- WHAT YOU HAVE TO DO -
Only an exact repetition of the lines from the one holding "adidas Originals I-5923(アディダス" to the end of the data is wanted, with pictures left out.

- AVAILABLE DATA -
Segment Open

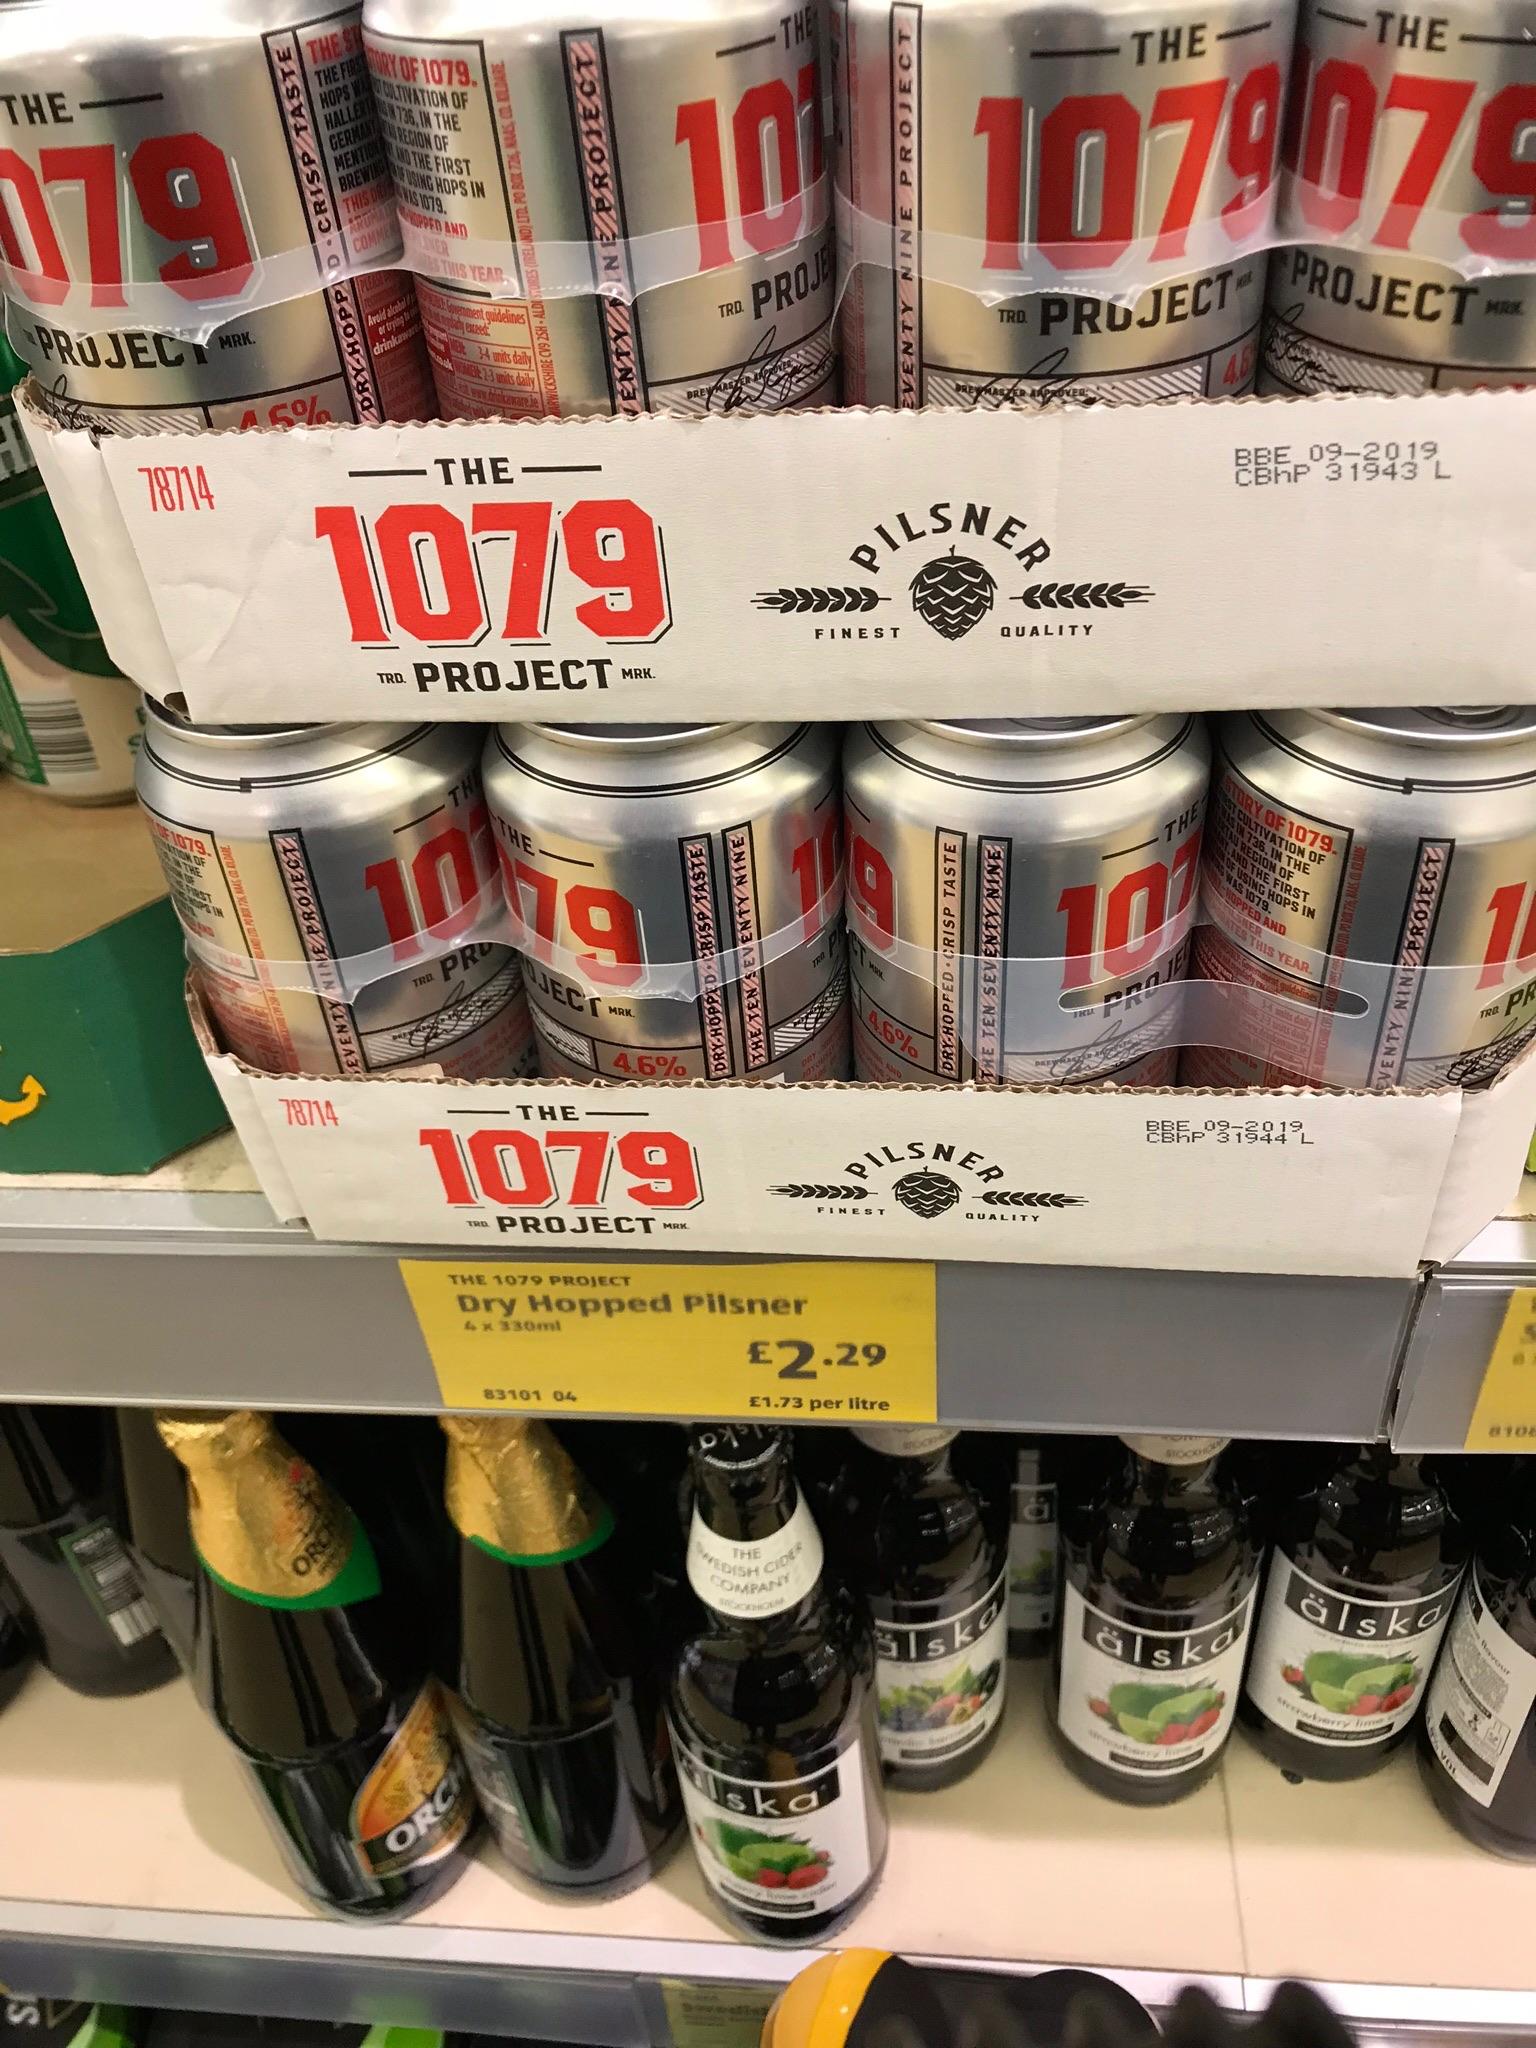 1079 Pilsner Lager 4 x 330ml cans £2.29 @ Aldi
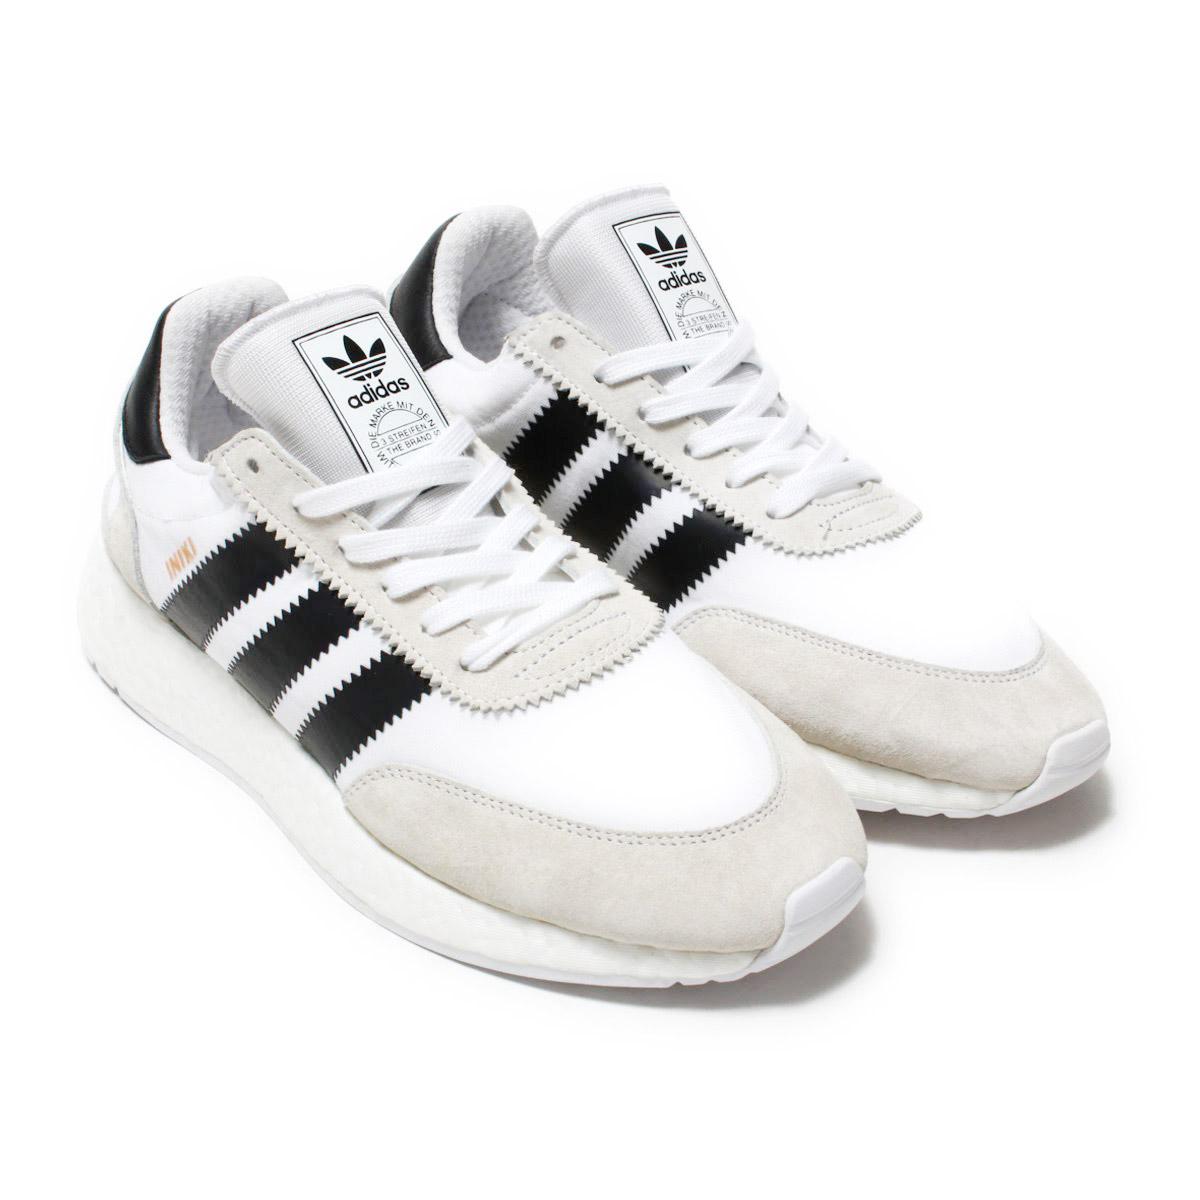 adidas Originals I-5923(アディダス オリジナルス イニキ ランナー) Running White/Core Black/Copper Met18SS-I
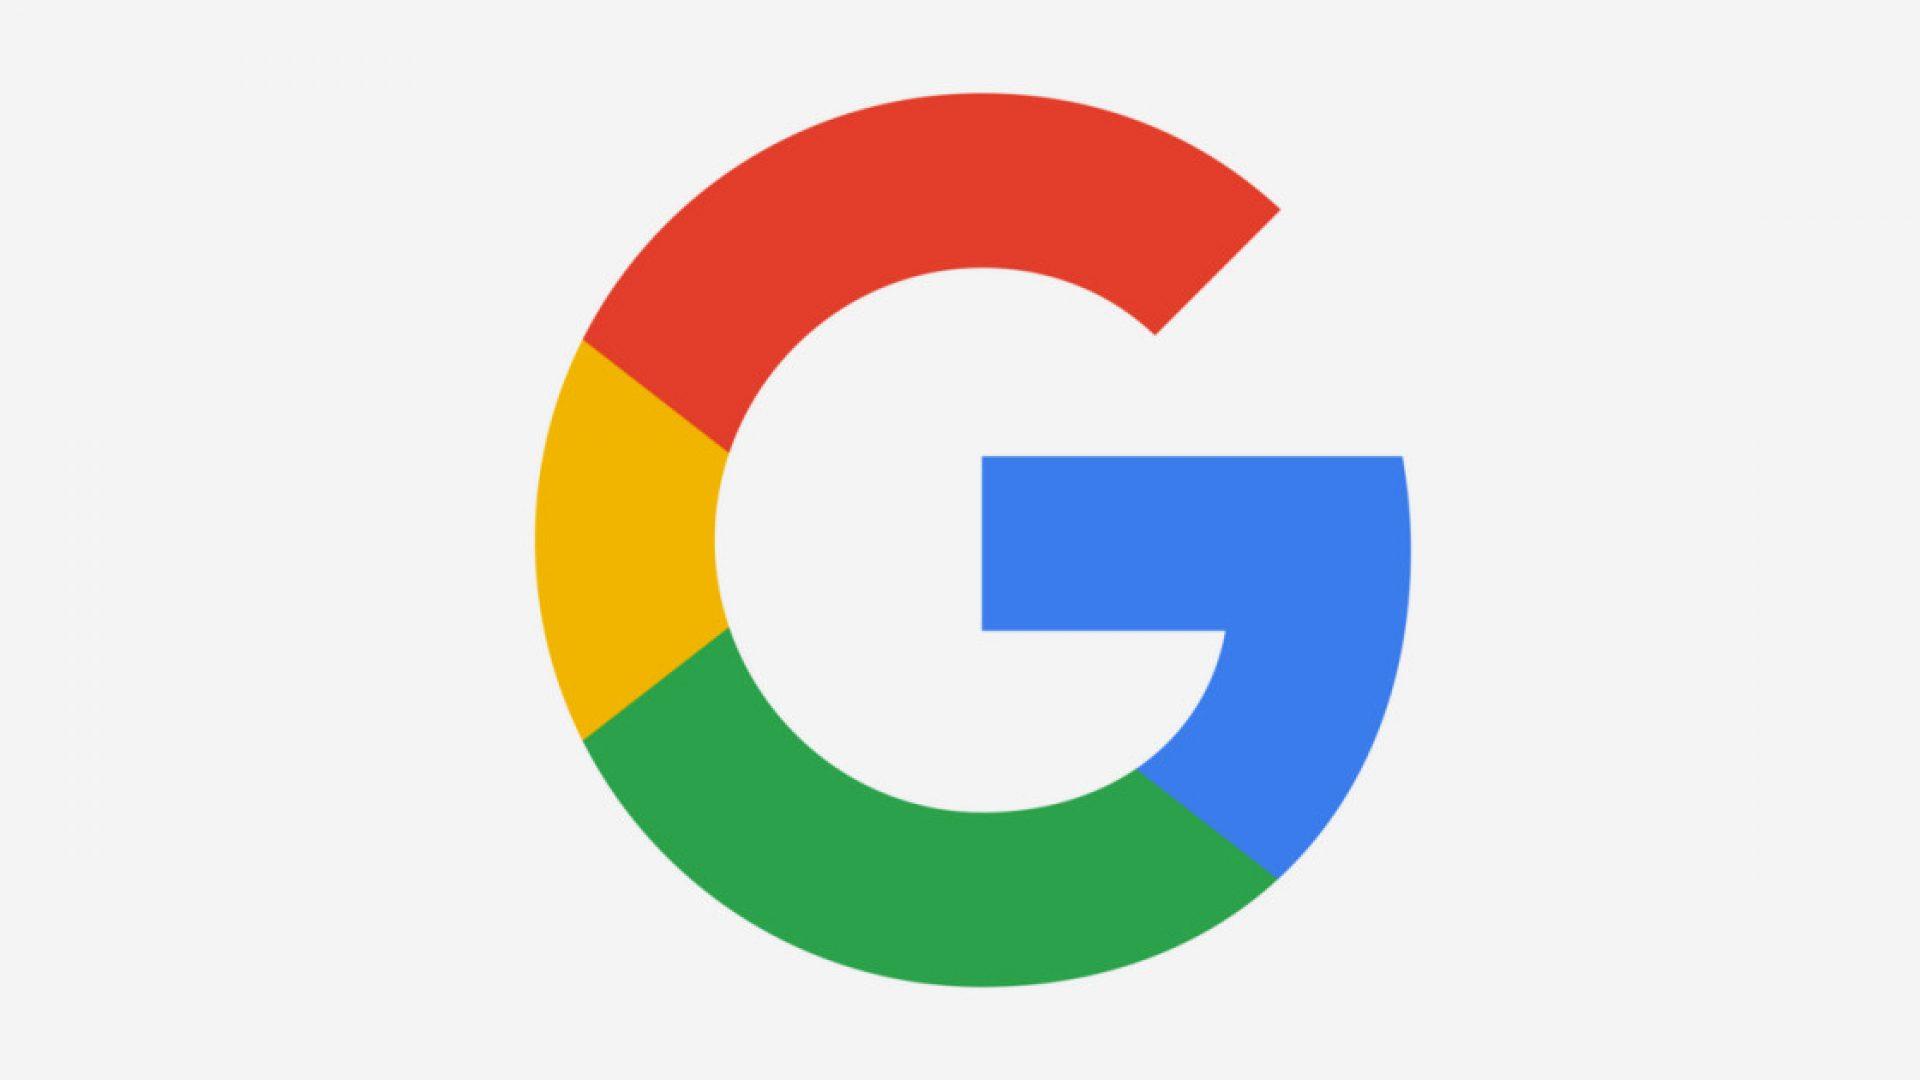 logo G - Google

Segment Closed

- SOLUTION FOR THIS PROBLEM -
 adidas Originals I-5923(アディダス オリジナルス イニキ ランナー) Running White/Core Black/Copper Met18SS-I
 logo G - Google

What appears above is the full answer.